Break it up and put it back together again. It’s a game plan that has kept bankers in work for years. The idea currently doing the rounds is the potential reunion of Suez , the French waste and water company, with Engie, the energy group from which it was spun off eight years ago. This has long looked like a pipe dream. But it has some logic.
Engie is the renamed GDF Suez, the utility formed in 2008 from the merger of the state-owned Gaz de France and Franco-Belgian Suez. Suez's water assets were separated into a new listed company, Suez Environnement, as part of the deal and Engie retains a 32.4 percent stake. The arrangement followed months of wrangling to arrive at a structure that appeased both investors and regulators.

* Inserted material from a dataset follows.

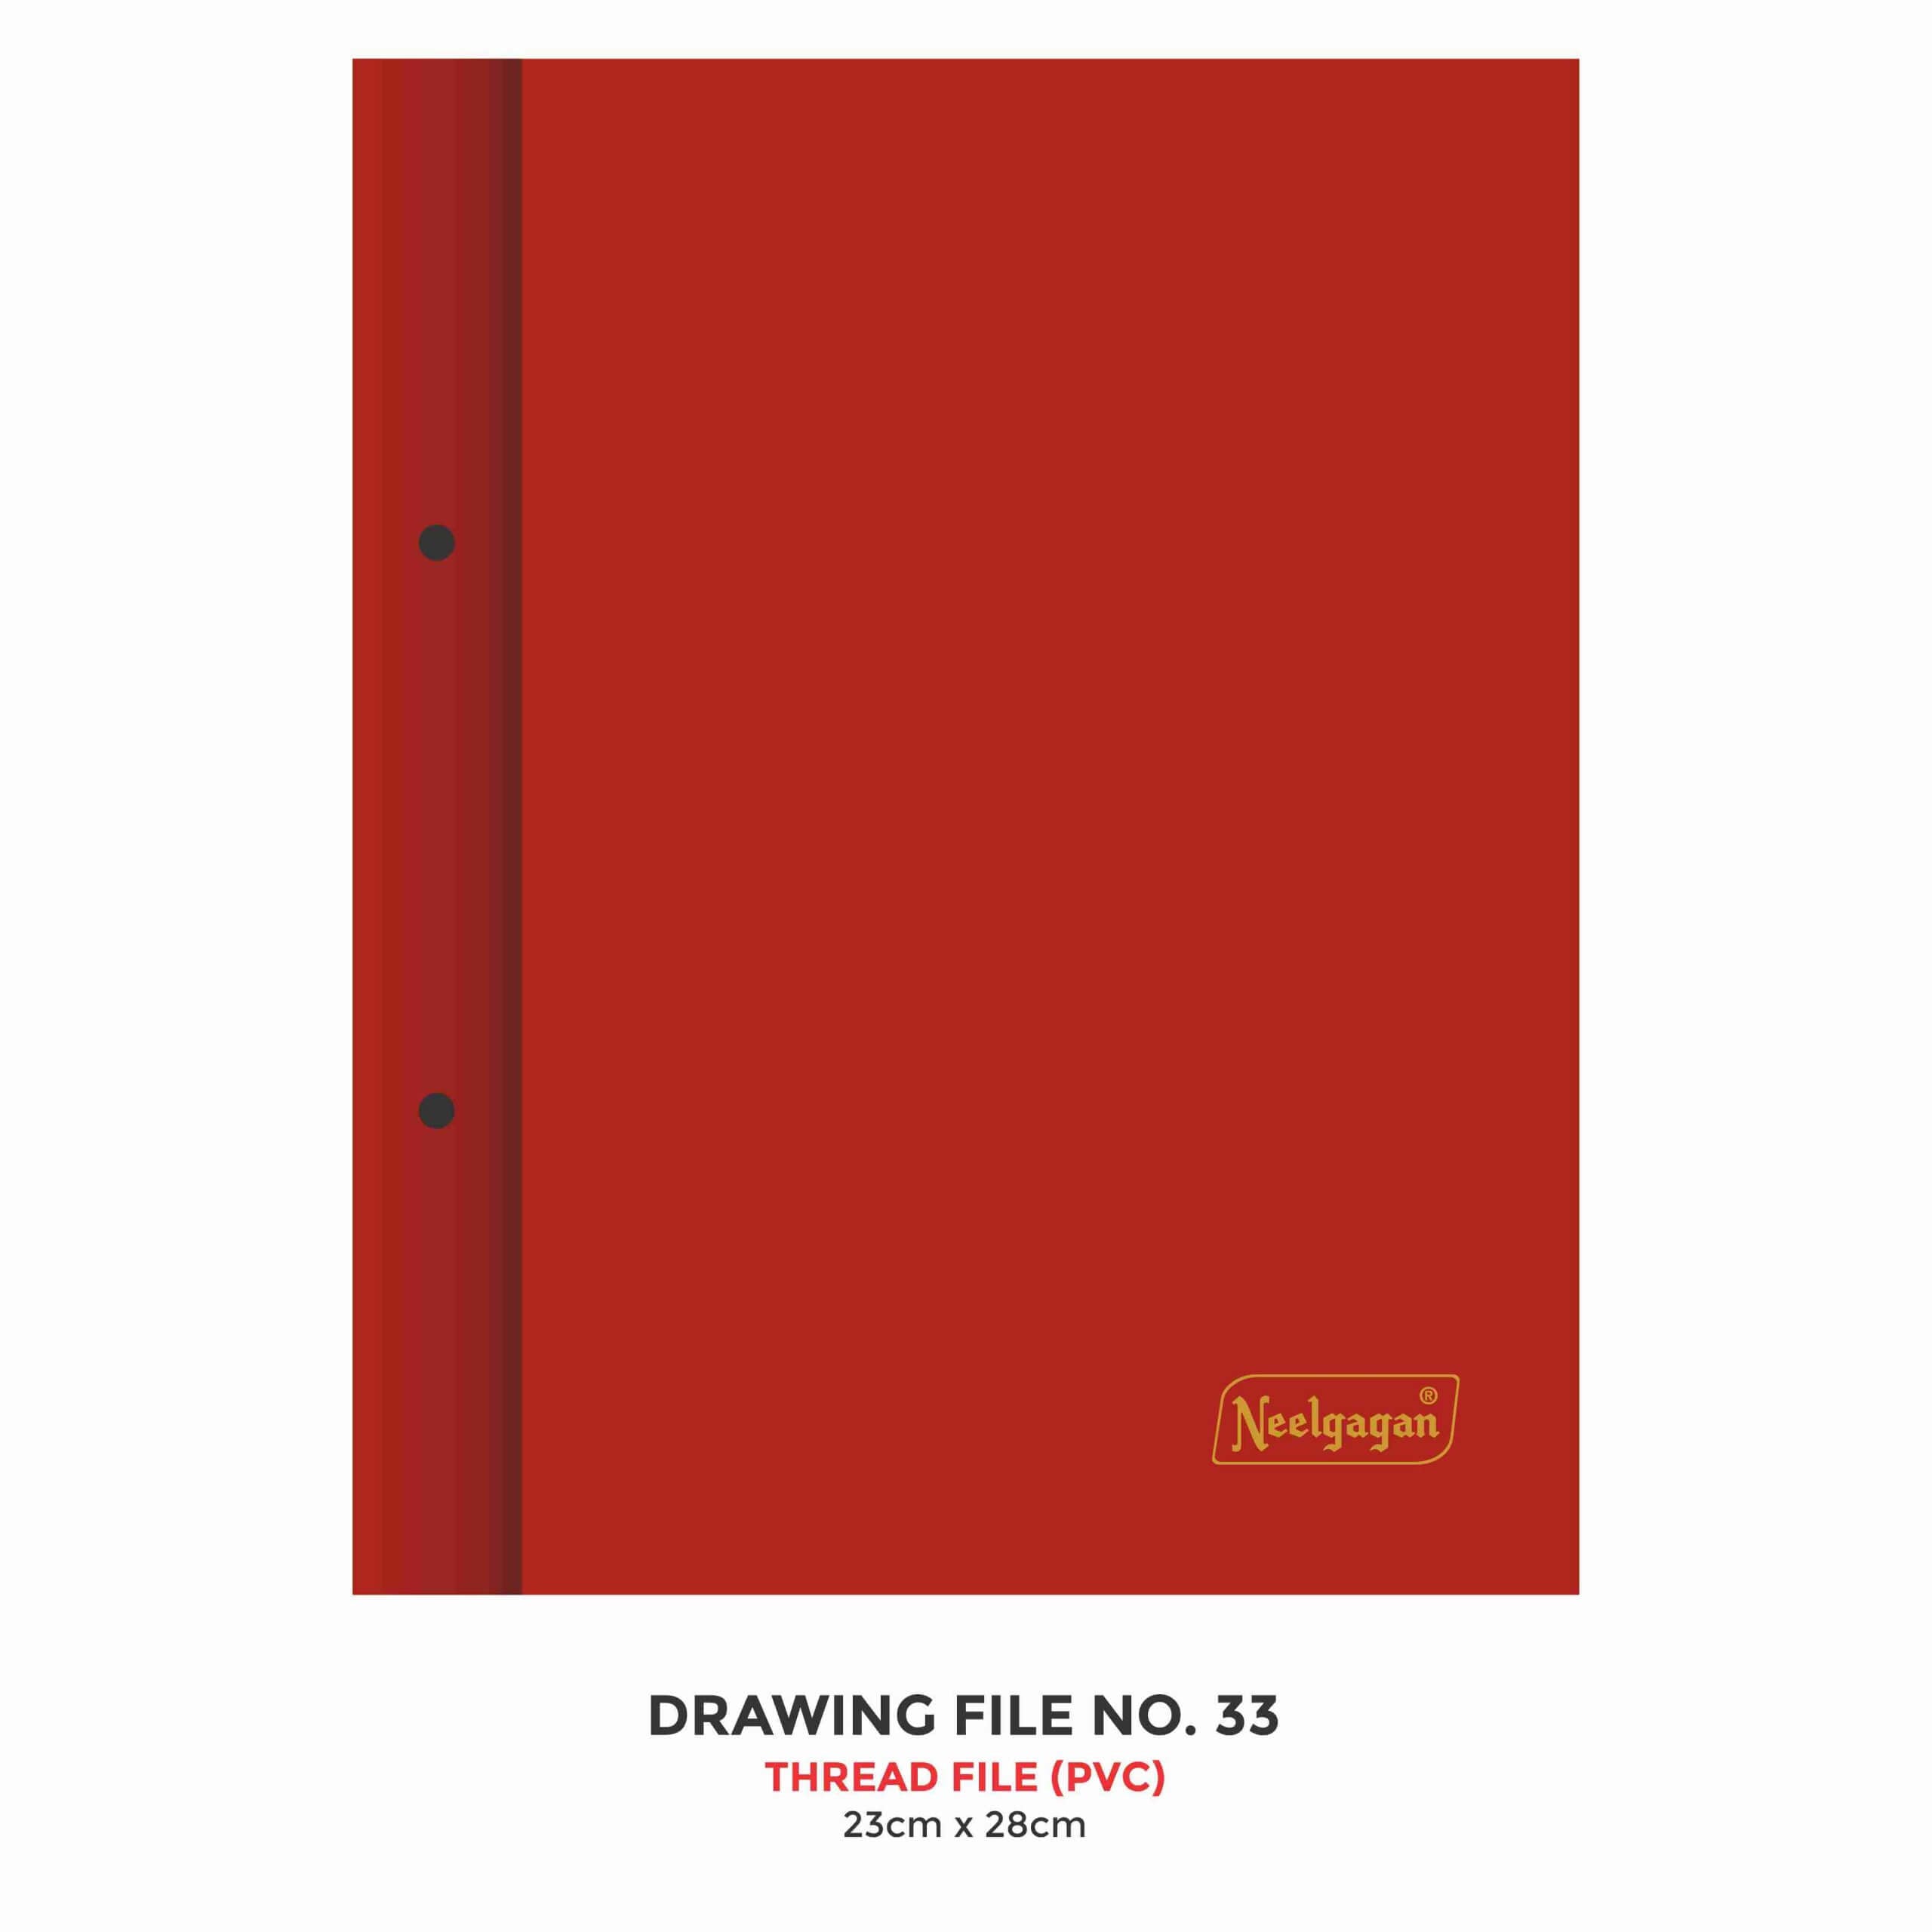 Drawing File No.33, (23cm X 28cm), (Thread File) PVC Cover

Now Engie CEO Isabelle Kocher is considering buying out the remainder and bringing everything back together again, French news outlet BFM has reported. It would be ambitious but financially achievable. The 67.6 percent of Suez that Engie doesn’t own was worth 5.1 billion euros ($5.3 billion) on Monday. Add a small premium and the take-out price could nudge 6 billion euros. This could be funded by gearing up the combined entity, which would have net debt to Ebitda of about 3 times, against Engie’s predicted 2.3 times for the year-end. That would exceed Engie's leverage target of 2.5 times. But a disposal of Suez's waste business, or a small equity placement, would alleviate the strain.

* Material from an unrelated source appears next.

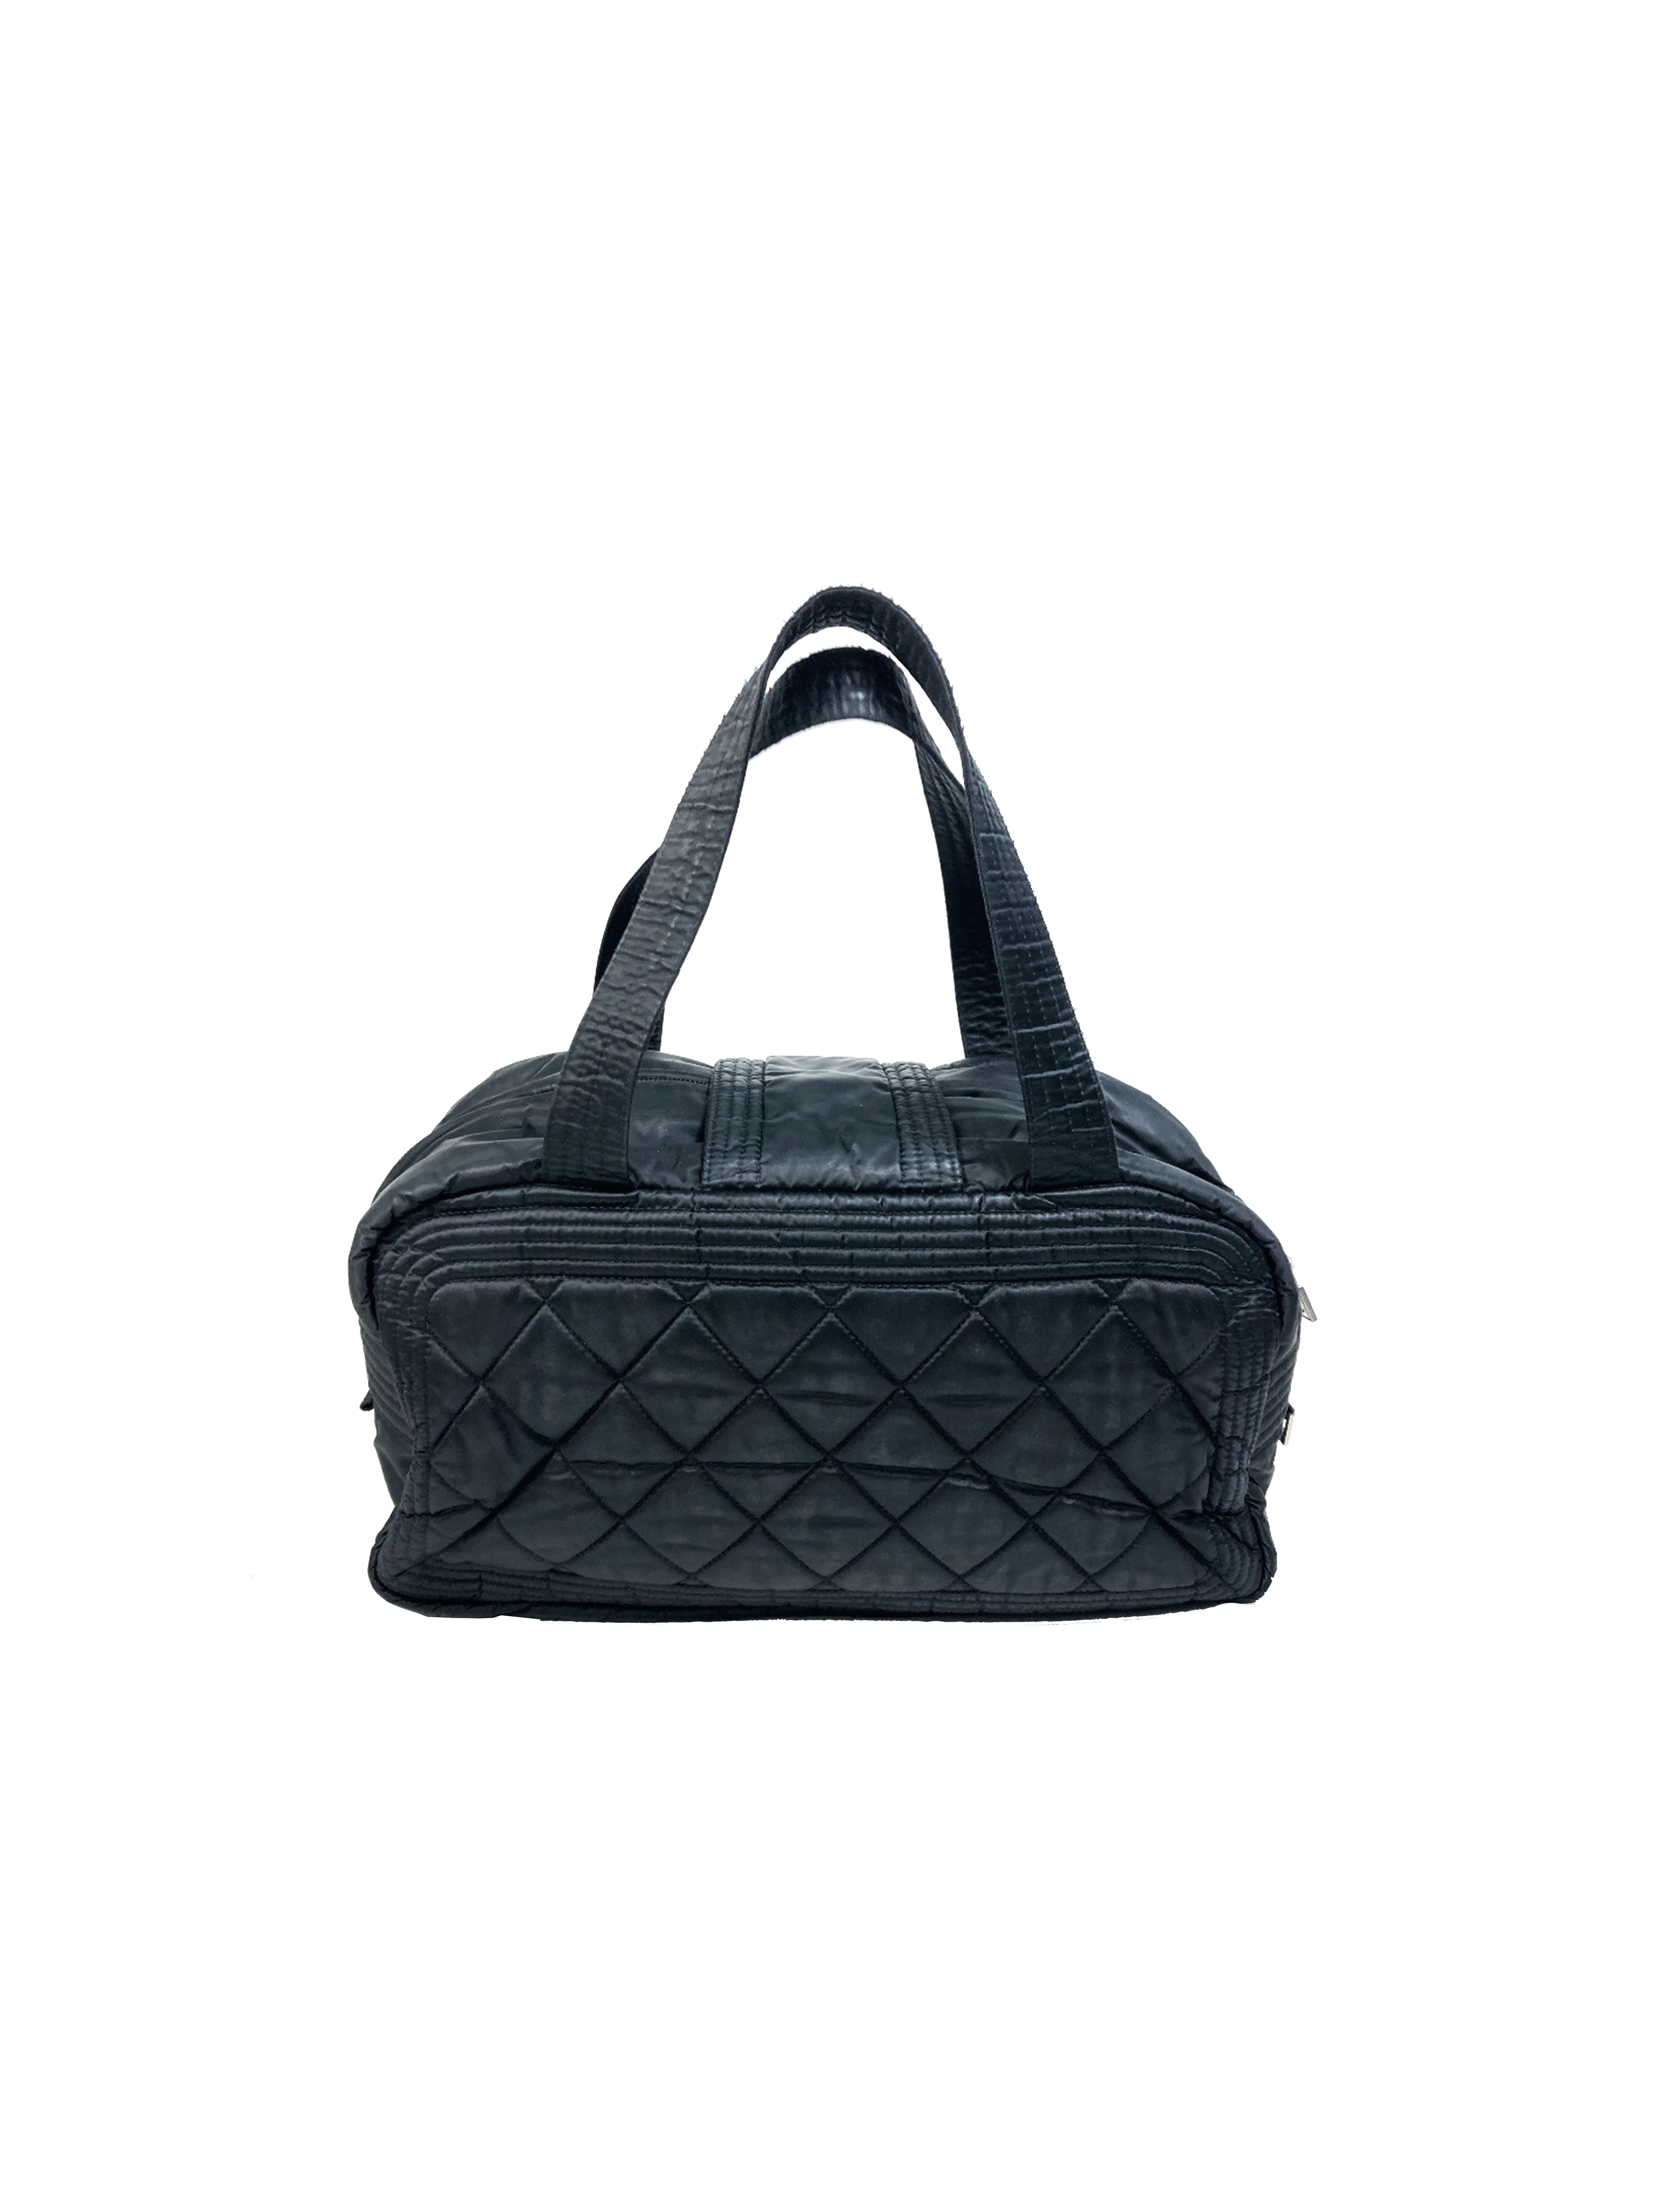 Chanel 2005 Sports Black Nylon Tote Bag

The question is the industrial rationale. Energy and water are different businesses. But the management skills in running them are comparable: capital expenditure efficiency and customer service are paramount. Since Suez split in 2008, new technology may have created scope for synergies in metering and billing. That would be on top of general network management efficiencies.
It’s not certain how big these financial benefits would be. Plus there would be costs. The two companies have distinct strategies and cultures. A buyout would involve one-off costs followed by a tail of disruption. What’s more, a high price may be needed to secure Suez’s approval. Suez could examine alternative transactions, such as a previously discussed tie-up with Veolia Environnement SA, as analysts at Raymond James note.
Engie is 33 percent owned by the French state, while Suez is fully privatized and may balk at coming back under government influence through a deal. The potential for political complications gives Kocher a reason to move sooner rather than get stuck in the crowded in-tray of a new government after next year's presidential election.
If Engie had never had to sell down Suez and still owned 100 percent, would the benefits of the combination be so small that investors would be pushing for a break up to reap the advantage of more focus? Probably not. But with Suez shares inching up on the expectation of an offer, Kocher still needs to prove that returning to full ownership is worth the cost and disruption.